-------- Data for this task --------

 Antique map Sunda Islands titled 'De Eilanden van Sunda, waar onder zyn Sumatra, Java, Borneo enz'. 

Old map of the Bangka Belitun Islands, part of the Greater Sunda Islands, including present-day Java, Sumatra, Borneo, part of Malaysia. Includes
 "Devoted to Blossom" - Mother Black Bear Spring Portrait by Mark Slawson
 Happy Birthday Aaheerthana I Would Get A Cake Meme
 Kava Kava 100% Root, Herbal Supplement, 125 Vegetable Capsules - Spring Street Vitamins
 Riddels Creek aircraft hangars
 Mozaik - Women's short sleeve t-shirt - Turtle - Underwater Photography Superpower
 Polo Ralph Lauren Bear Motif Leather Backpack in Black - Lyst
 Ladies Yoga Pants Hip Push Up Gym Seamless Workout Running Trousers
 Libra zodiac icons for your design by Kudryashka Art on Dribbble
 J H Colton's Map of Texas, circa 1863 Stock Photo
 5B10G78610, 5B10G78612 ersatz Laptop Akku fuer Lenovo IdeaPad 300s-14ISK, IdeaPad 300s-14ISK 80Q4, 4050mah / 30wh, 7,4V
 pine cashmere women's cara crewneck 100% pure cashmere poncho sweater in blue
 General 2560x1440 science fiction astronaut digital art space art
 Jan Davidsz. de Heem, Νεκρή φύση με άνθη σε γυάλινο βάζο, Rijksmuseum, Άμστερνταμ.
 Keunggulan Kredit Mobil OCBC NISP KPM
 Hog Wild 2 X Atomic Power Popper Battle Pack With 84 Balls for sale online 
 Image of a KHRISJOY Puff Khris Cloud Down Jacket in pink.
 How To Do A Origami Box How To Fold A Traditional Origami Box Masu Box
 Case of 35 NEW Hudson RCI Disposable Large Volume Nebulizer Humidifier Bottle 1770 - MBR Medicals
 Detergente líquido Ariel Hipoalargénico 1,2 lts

--------

Work order -> Return, exactly and without additions, the lines that run from the one containing "by Mark Slawson" to the end of the material above.

Result ->
 "Devoted to Blossom" - Mother Black Bear Spring Portrait by Mark Slawson
 Happy Birthday Aaheerthana I Would Get A Cake Meme
 Kava Kava 100% Root, Herbal Supplement, 125 Vegetable Capsules - Spring Street Vitamins
 Riddels Creek aircraft hangars
 Mozaik - Women's short sleeve t-shirt - Turtle - Underwater Photography Superpower
 Polo Ralph Lauren Bear Motif Leather Backpack in Black - Lyst
 Ladies Yoga Pants Hip Push Up Gym Seamless Workout Running Trousers
 Libra zodiac icons for your design by Kudryashka Art on Dribbble
 J H Colton's Map of Texas, circa 1863 Stock Photo
 5B10G78610, 5B10G78612 ersatz Laptop Akku fuer Lenovo IdeaPad 300s-14ISK, IdeaPad 300s-14ISK 80Q4, 4050mah / 30wh, 7,4V
 pine cashmere women's cara crewneck 100% pure cashmere poncho sweater in blue
 General 2560x1440 science fiction astronaut digital art space art
 Jan Davidsz. de Heem, Νεκρή φύση με άνθη σε γυάλινο βάζο, Rijksmuseum, Άμστερνταμ.
 Keunggulan Kredit Mobil OCBC NISP KPM
 Hog Wild 2 X Atomic Power Popper Battle Pack With 84 Balls for sale online 
 Image of a KHRISJOY Puff Khris Cloud Down Jacket in pink.
 How To Do A Origami Box How To Fold A Traditional Origami Box Masu Box
 Case of 35 NEW Hudson RCI Disposable Large Volume Nebulizer Humidifier Bottle 1770 - MBR Medicals
 Detergente líquido Ariel Hipoalargénico 1,2 lts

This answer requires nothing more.